Quick fact: If you need a foot doctor and you live in Northern Virginia, go see Dr. Coster. Tightness. 703 379 0700
Arbitrarily, I am going to now list the all time most underrated tight inventions. Everyone remembers the big inventions like the printing press, the wheel, and flight. These are the things that we forget how tight they are and if we were without them, life as humans would be unmirthfull.
10) Shoes: it hurts to walk barefoot.
9) Deodorant: People stink without this substance. Amazing
8) Toothpaste: makes brushing that much more effective end eliminates young breath. Note: I did not know to brush my tongue until I was 18; never heard it or thought of it. It really helps eliminate young breath.
7) Movies: it gives dudes stuff to quote and gives chicks the following list of comments: A) I've seen parts of it B) I can't remember quotes like that C) Every guy remembers movie quotes, that is so weird!
6) Sports: recreation, exercise, competition as opposed to wars and running.
5) Cheese: The tightest food. Every non-desert is enhanced with cheese (except cereal). No idea how it is made but I am cool with that. If you have to ask yourself, do I have enough cheese? The answer is no because if you had enough, you wouldn't have to ask.
4) The internet.com: What would people do at work?

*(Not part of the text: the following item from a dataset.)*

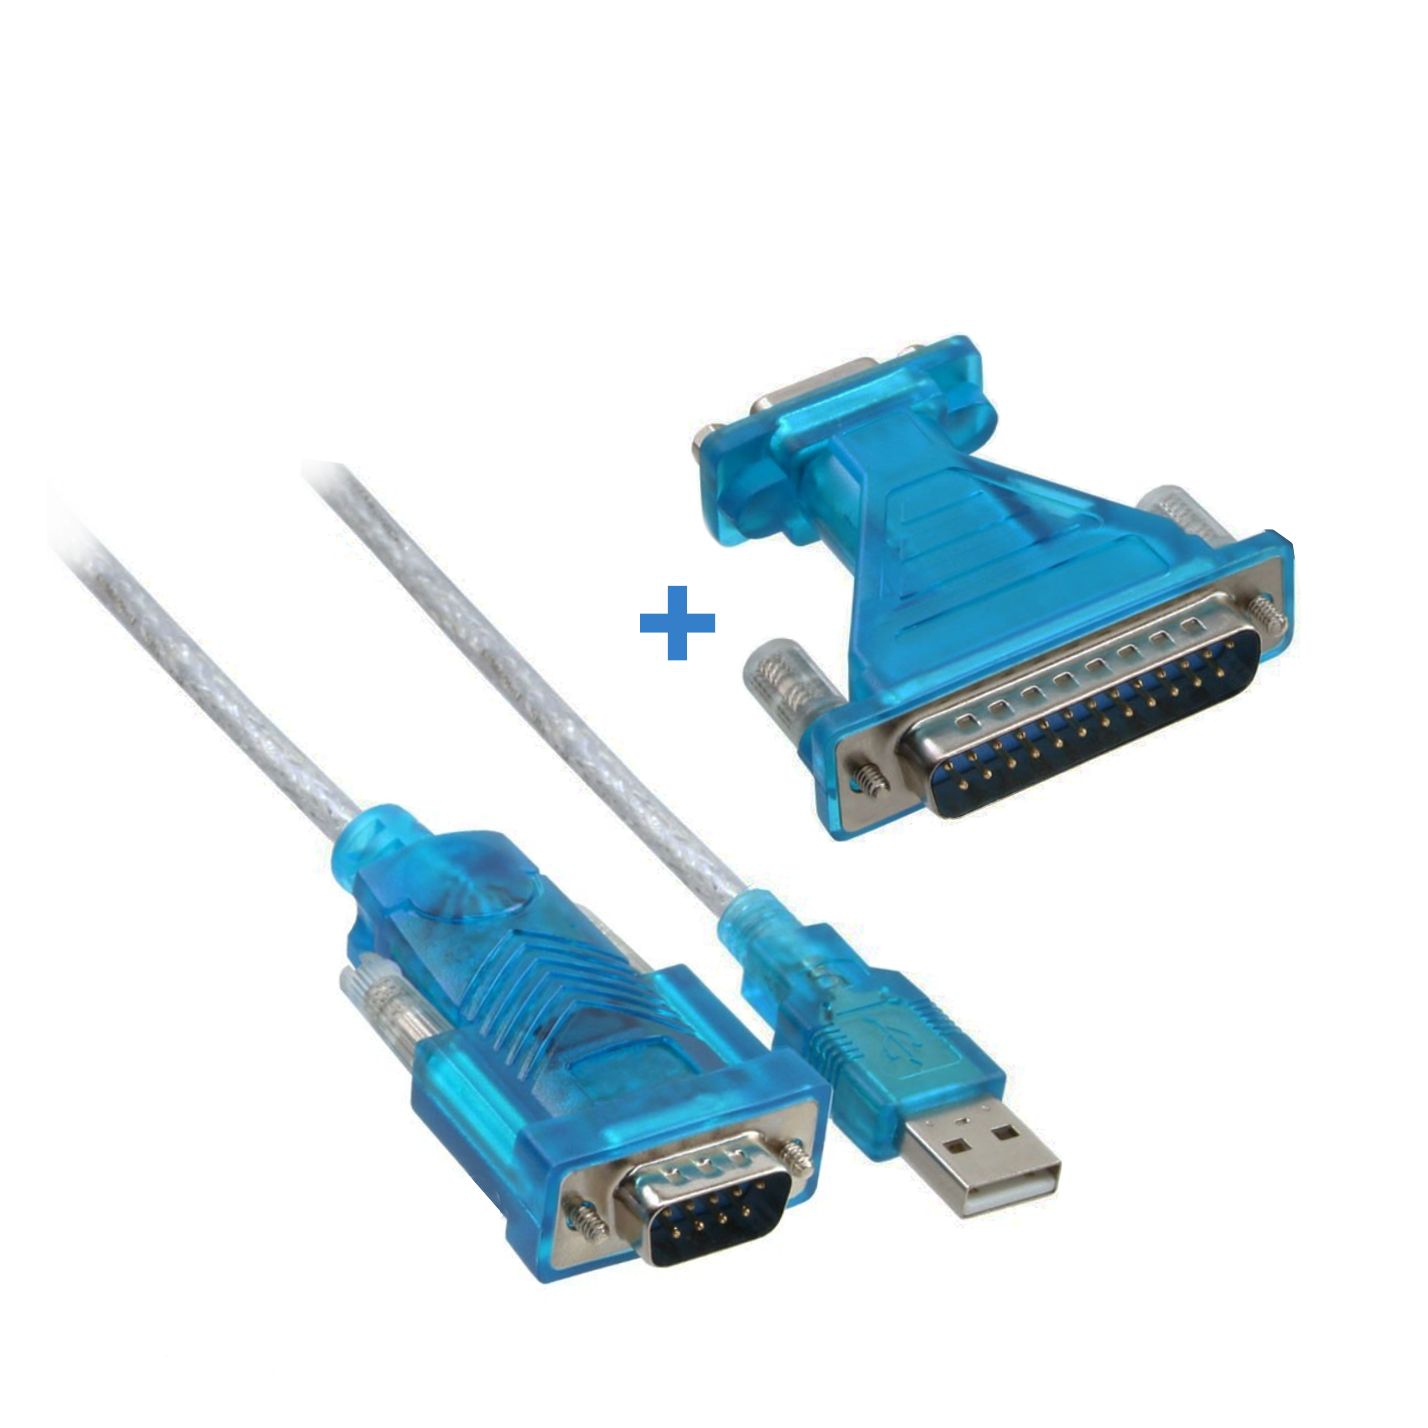 USB-Seriell-Adapterkabel für RS-232 mit FTDI-Chipsatz, USB 2.0, 180cm

3) Gatorade: So da*mned refreshing.
2) Sundresses: the ultimate female enhancer. There needs to be a constitutional amendment that states that if the temp is between 67-100, females must wear sundresses. It makes 5s look like 8s. They are wondrous and should always be worn always. Whoever makes the fashion trends is foolish. I wish to strike that person in the face until he/she relents and makes sundresses the fashion always.
1) Air Conditioning: the ultimate RUYA to nature. We can live in harsh climates and be comfortable. Changing the temperature to our liking is the greatest underrated invention of all time.
That's it and that's all.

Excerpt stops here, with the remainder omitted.